Crepe paper festoons dangle from the ceiling proclaiming bon vivants welcome! The menu is varied with appetizers including cañicas (tiny meatballs in chipotle sauce), chistorras (chorizo rolls): popular in the Mexican capital. We start with the chilaquiles platter, the “tacos crispi” and of course, a juicy quesadilla. The chilaquiles, usually served for breakfast, were outstanding. Each tortilla strip was lightly-coated with a slightly piquant green tomatillo sauce, pulled chicken and fresh cheese. The tacos were lavish layers of lemony lettuce, avocado and tomato atop a crunchy tortilla shell lathered with braised pork shoulder. The quesadilla served with a smooth guacamole was a nice, though uninventive, way to round out the starters.
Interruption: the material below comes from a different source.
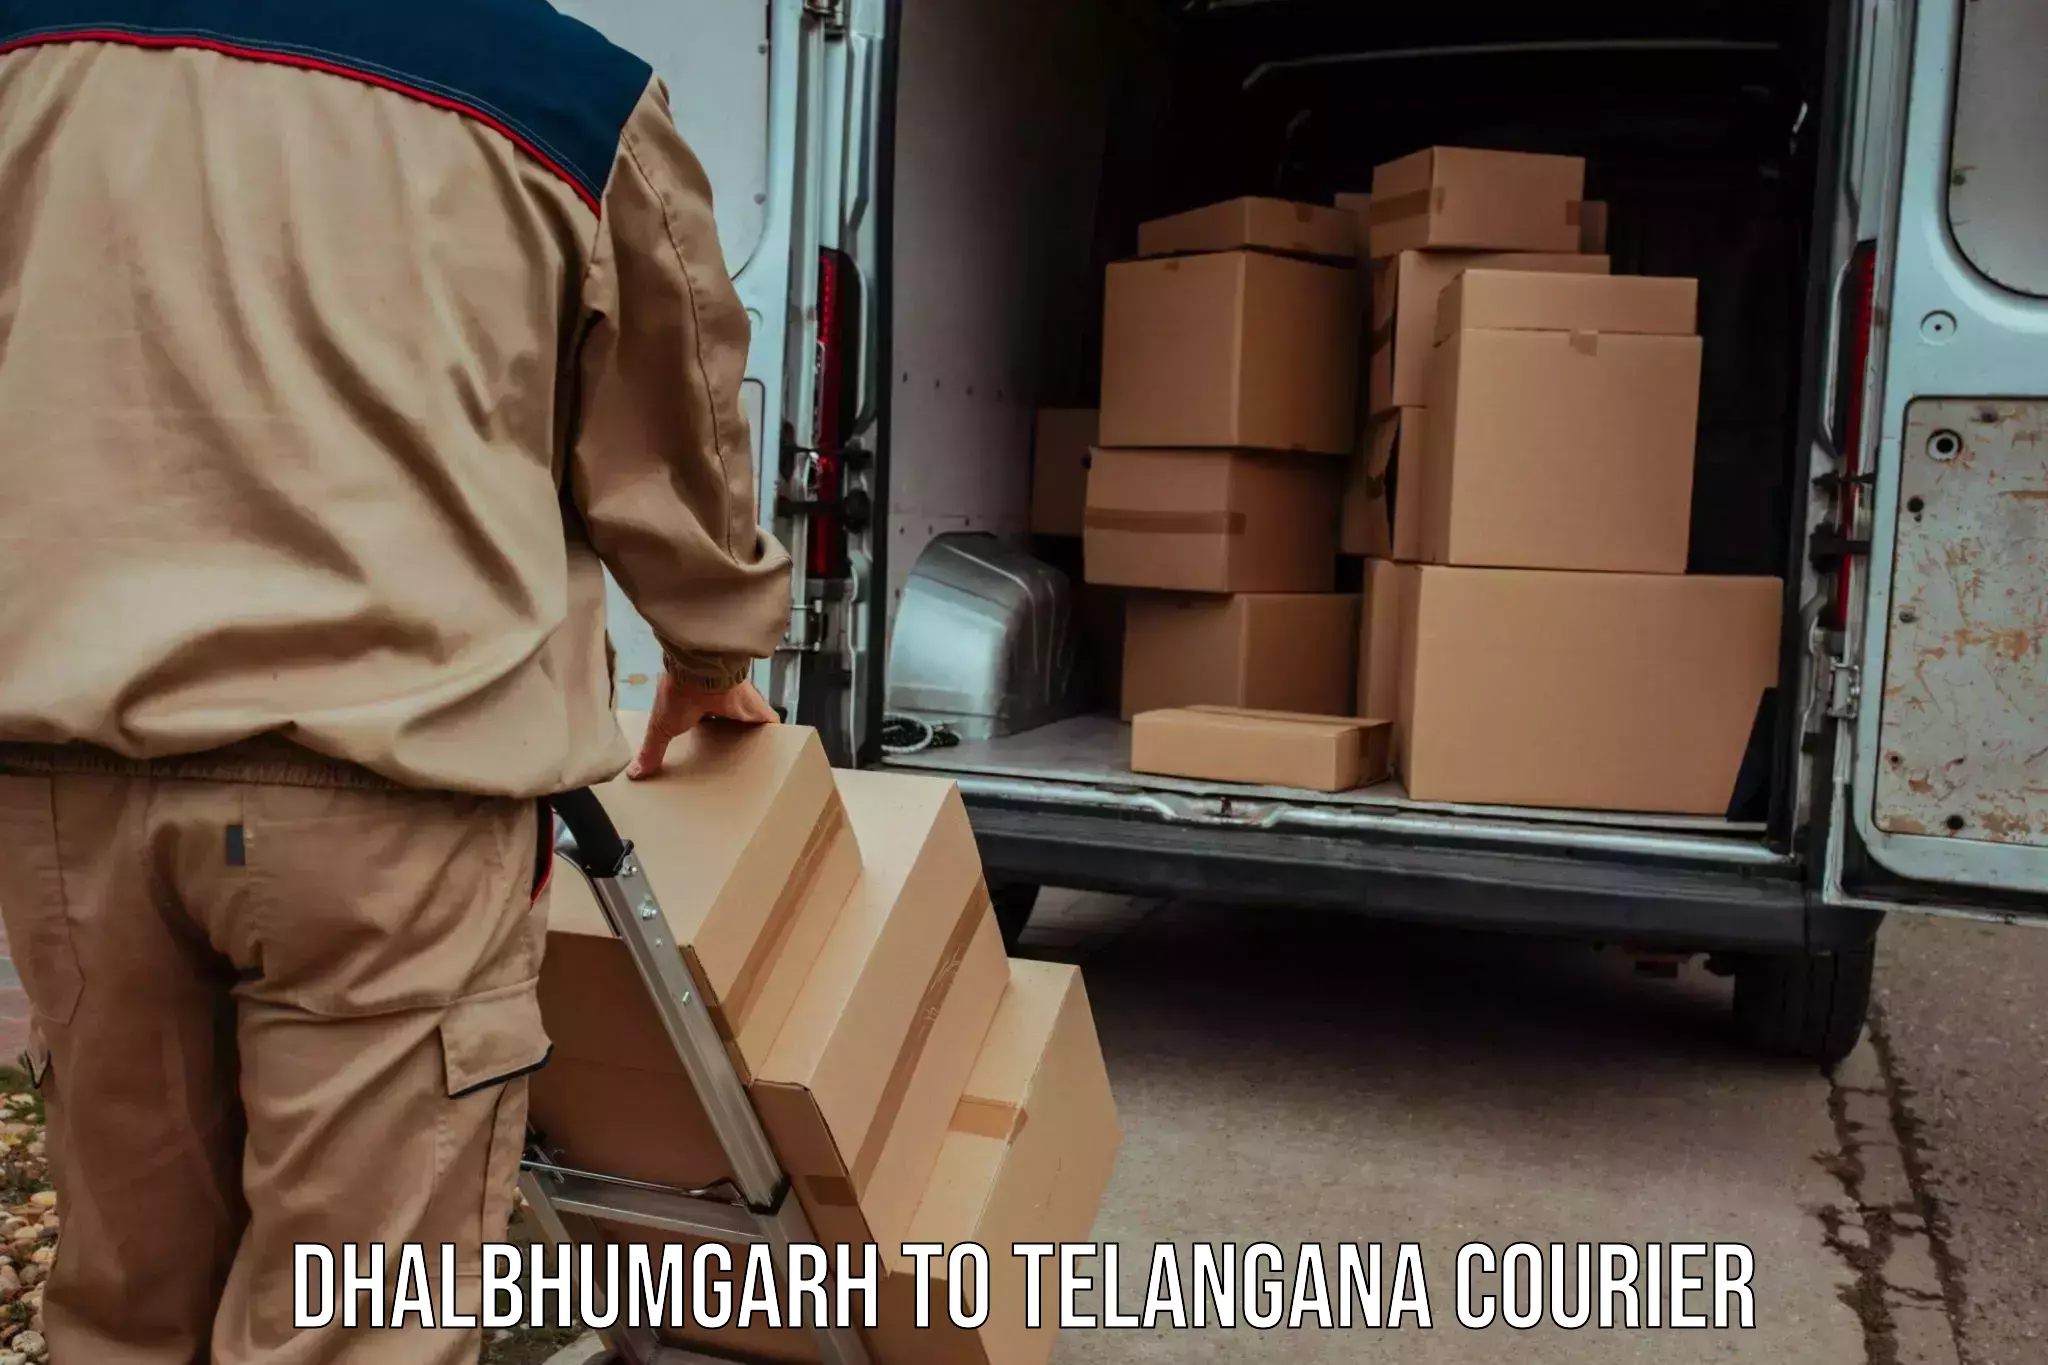 Expedited shipping methods Dhalbhumgarh to Telangana
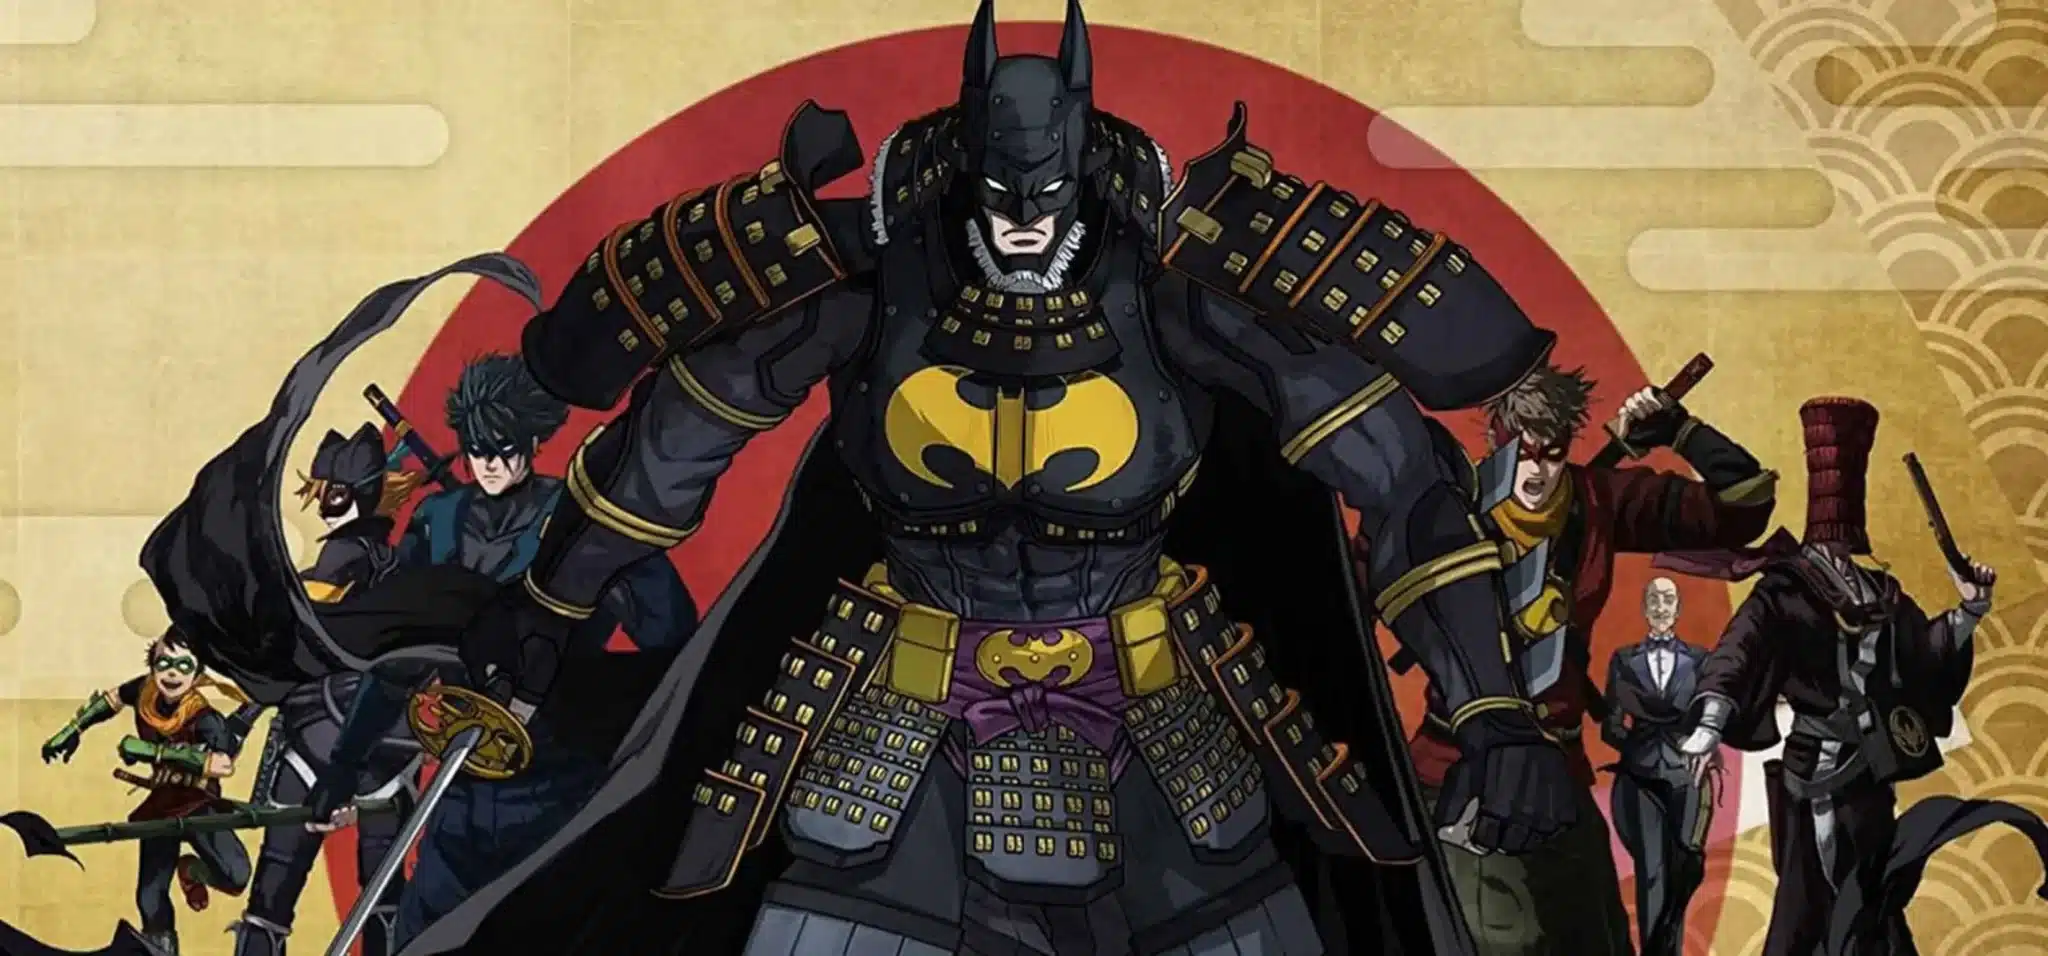 La Secuela De “Batman Ninja” De Dc Comics Es Anunciada De Forma Oficial

The décor of Museo is lively and its wait staff engaging. Sarapes drape the windows and portraits of famous Mexicans adorn the walls. A full mariachi orchestra (minus the harp!) parades throughout the multilevel complex on a Friday night when reservations are strongly encouraged. González, jovial and upbeat, spends the evening engaging guests. All those around are feeling the effects of the agave liquid. He tenderly explains that he went from “selling art and gems to selling guacamole and beans.”

To a Mexican, mole is like an Ajiáco to Colombians and mothers make it best. There is no official recipe, but its preparation is a labor of love, as over 20 different ingredients including various chiles, peanuts, almonds, pumpkin and sesame seeds, cinnamon and chocolate are called to battle each other creating a glossy and complex sauce.

While tequila aficionados order rounds by the bottle at Museo, there’s plenty of agave in some of the main dishes such as the tampiqueñas a la tequilana. This sizzling platter of tender skirt steak, comes served with all the traditional favorites: sautéed onions and good guacamole. Creamy refried beans accompany this and every main dish.

The plates are not overwhelmingly spicy at the Museo and the waiters are very accommodating to one’s level of “heat” tolerance: so let them know what you can endure when it comes to the jalapeños, the chiles and they’ll pass it on to the kitchen.

The secret of Museo del Tequila’s appeal is its clarity of purpose: it aims to please. Whether in the mood for a raucous party or out on a date, the experience is all out Mexican. Generous portions want you asking for more, the request-a-song ambience of the roving mariachi tests your vocal stamina and when the last drop of agave is poured, you want to cry: Ay! Ay! Ay!